→ **Action item**: Pictures excluded, output the lines of the data below between the one holding "LEGO DOTS Hogwarts" and the one holding "Betty Slide war", inclusive, exactly as they stand.

→ **Information provided**:
==================================================
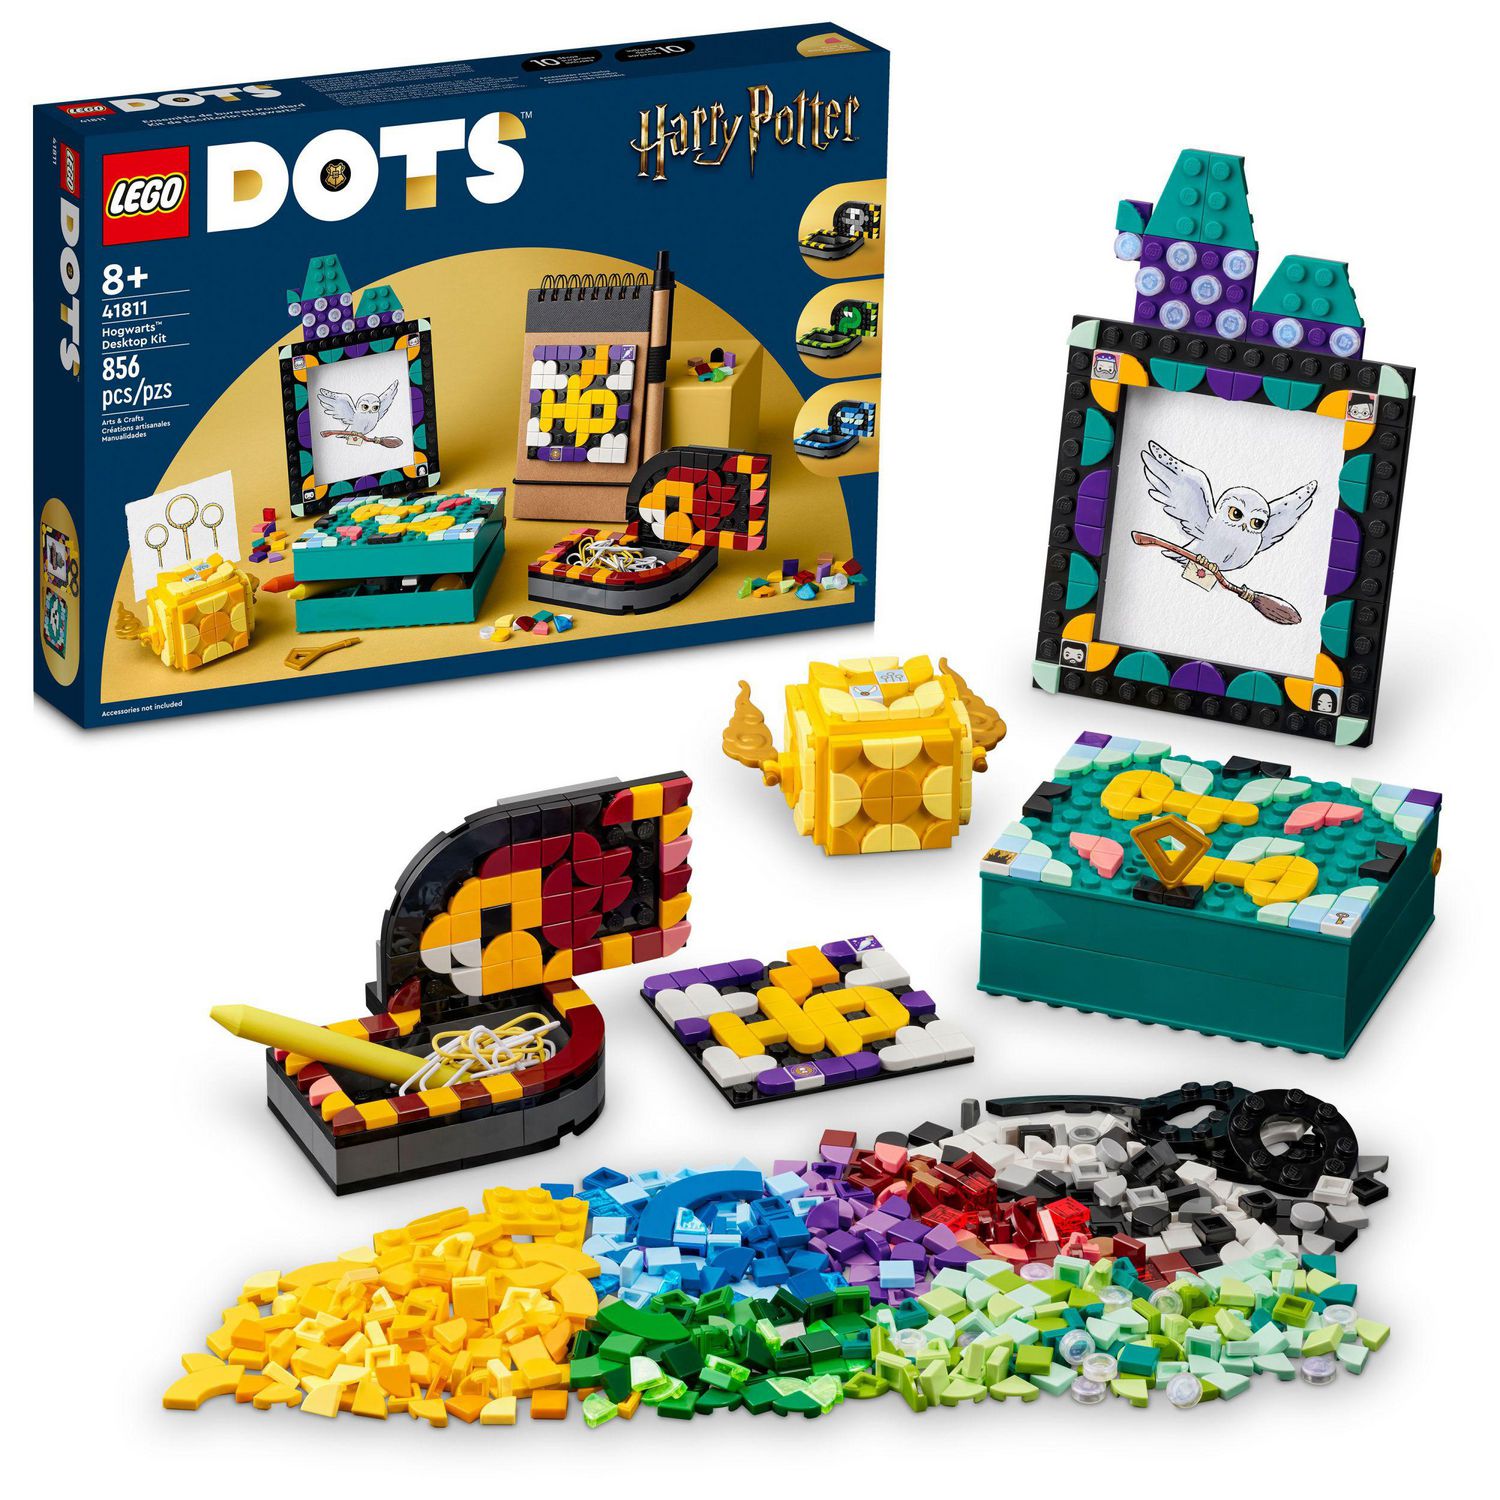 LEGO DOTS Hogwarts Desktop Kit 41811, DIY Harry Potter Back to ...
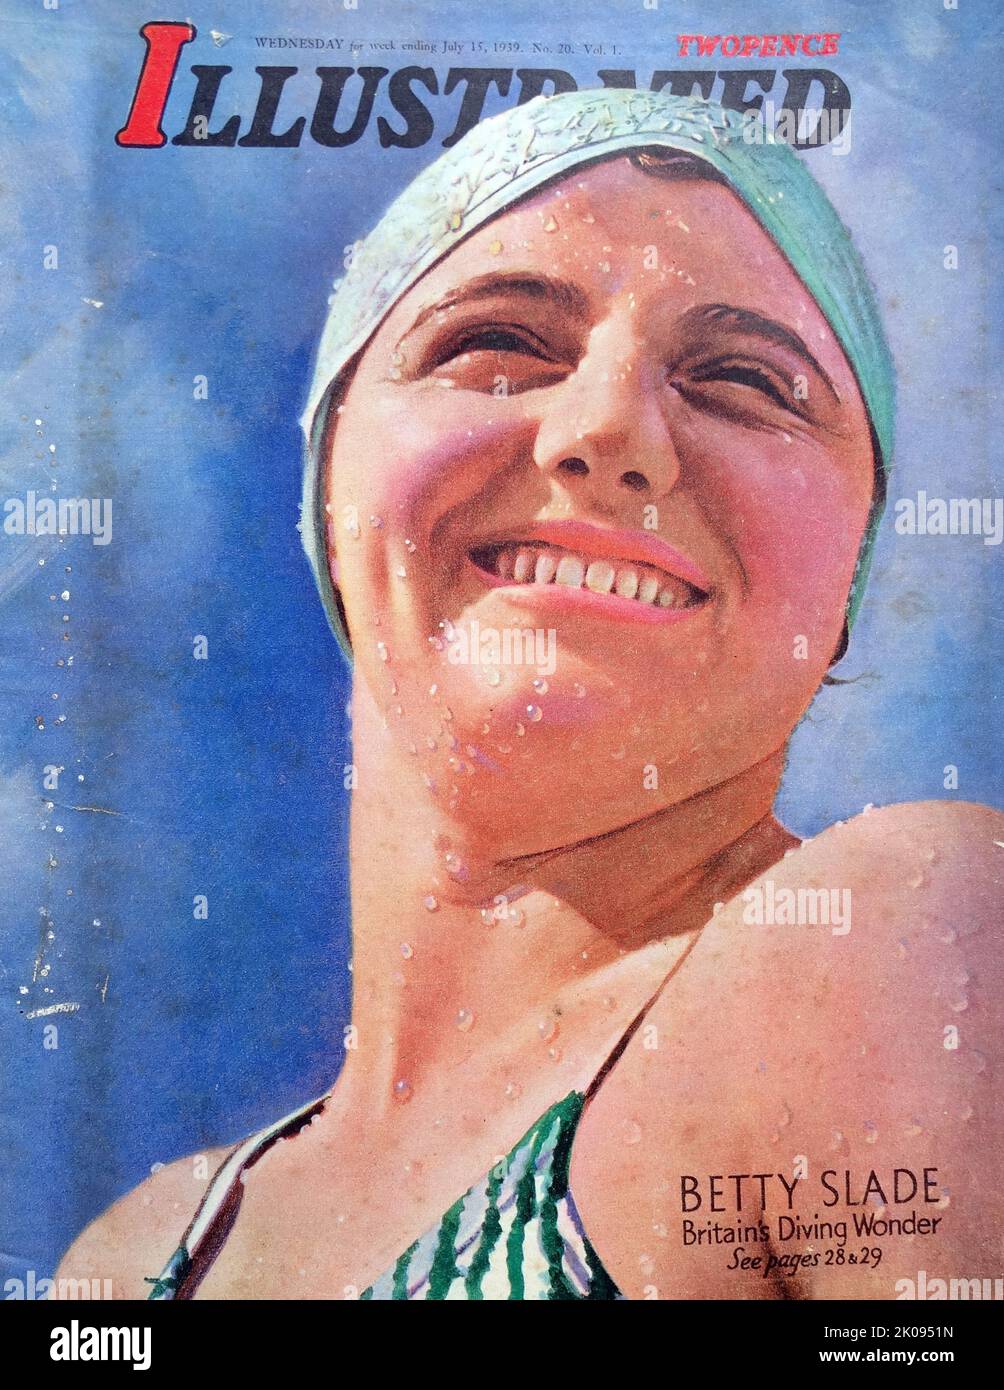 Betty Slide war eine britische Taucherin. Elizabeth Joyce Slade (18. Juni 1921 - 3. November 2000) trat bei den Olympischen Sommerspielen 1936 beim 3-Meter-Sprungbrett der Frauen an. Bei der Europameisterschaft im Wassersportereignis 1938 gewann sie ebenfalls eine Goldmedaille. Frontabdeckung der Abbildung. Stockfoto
==================================================
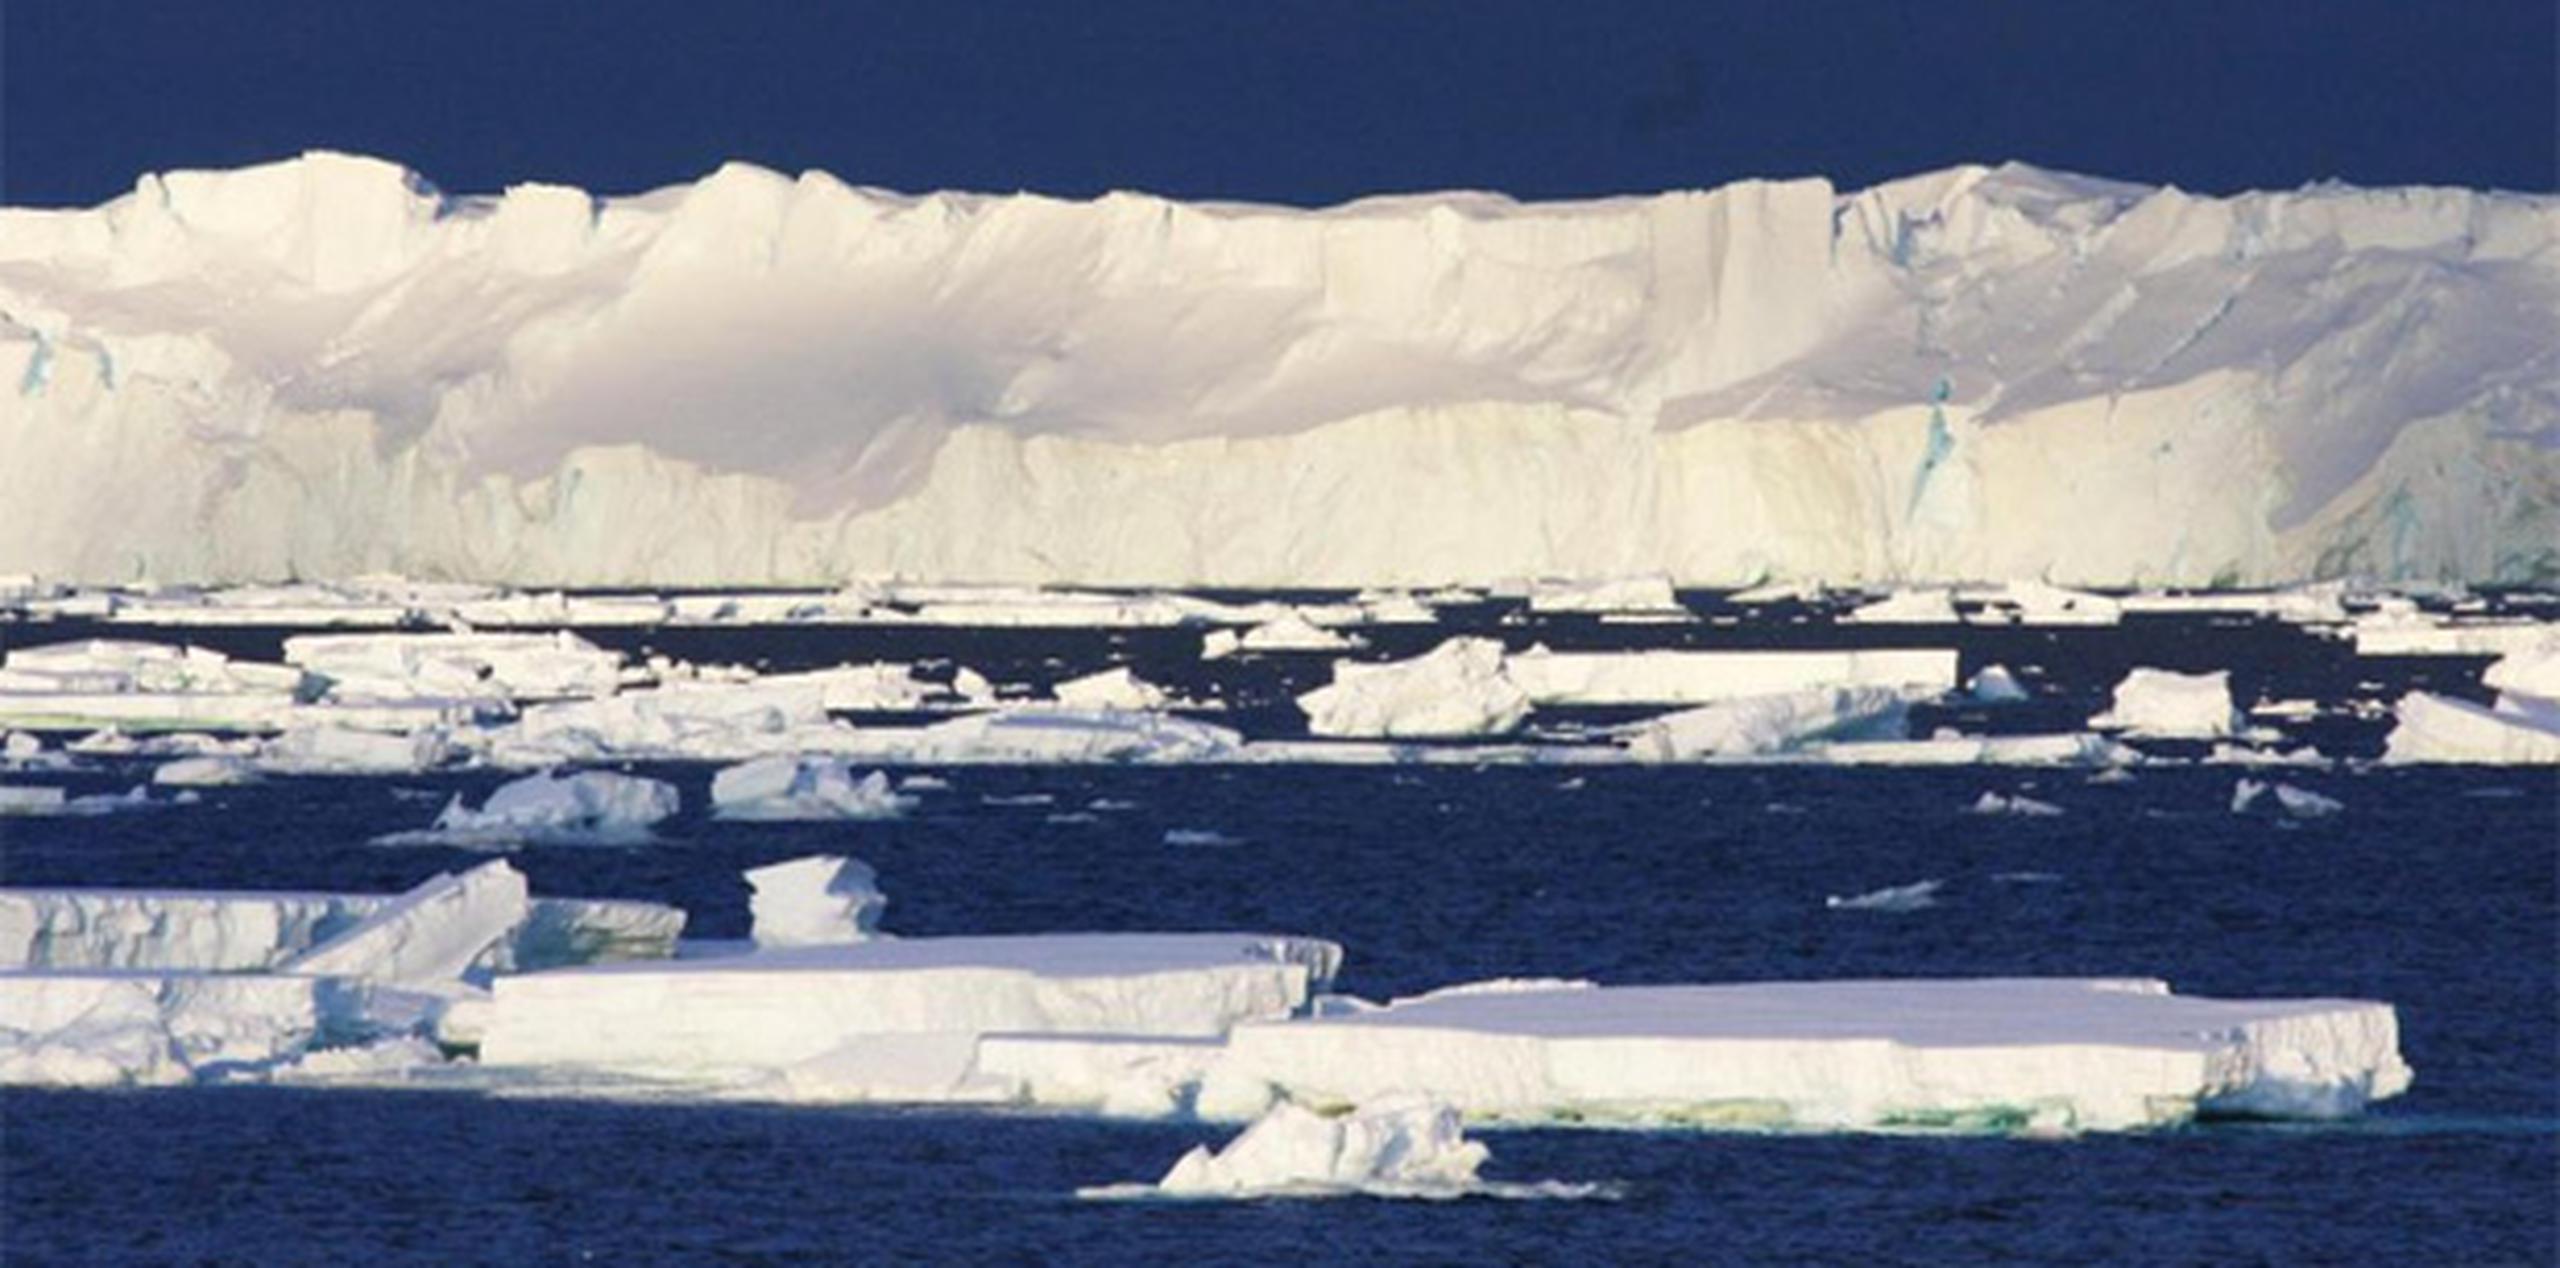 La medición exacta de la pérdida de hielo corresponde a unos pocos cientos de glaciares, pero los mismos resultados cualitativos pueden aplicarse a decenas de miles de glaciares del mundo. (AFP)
==================================================
→ **Task result**:
 LEGO DOTS Hogwarts Desktop Kit 41811, DIY Harry Potter Back to ...
 Betty Slide war eine britische Taucherin. Elizabeth Joyce Slade (18. Juni 1921 - 3. November 2000) trat bei den Olympischen Sommerspielen 1936 beim 3-Meter-Sprungbrett der Frauen an. Bei der Europameisterschaft im Wassersportereignis 1938 gewann sie ebenfalls eine Goldmedaille. Frontabdeckung der Abbildung. Stockfoto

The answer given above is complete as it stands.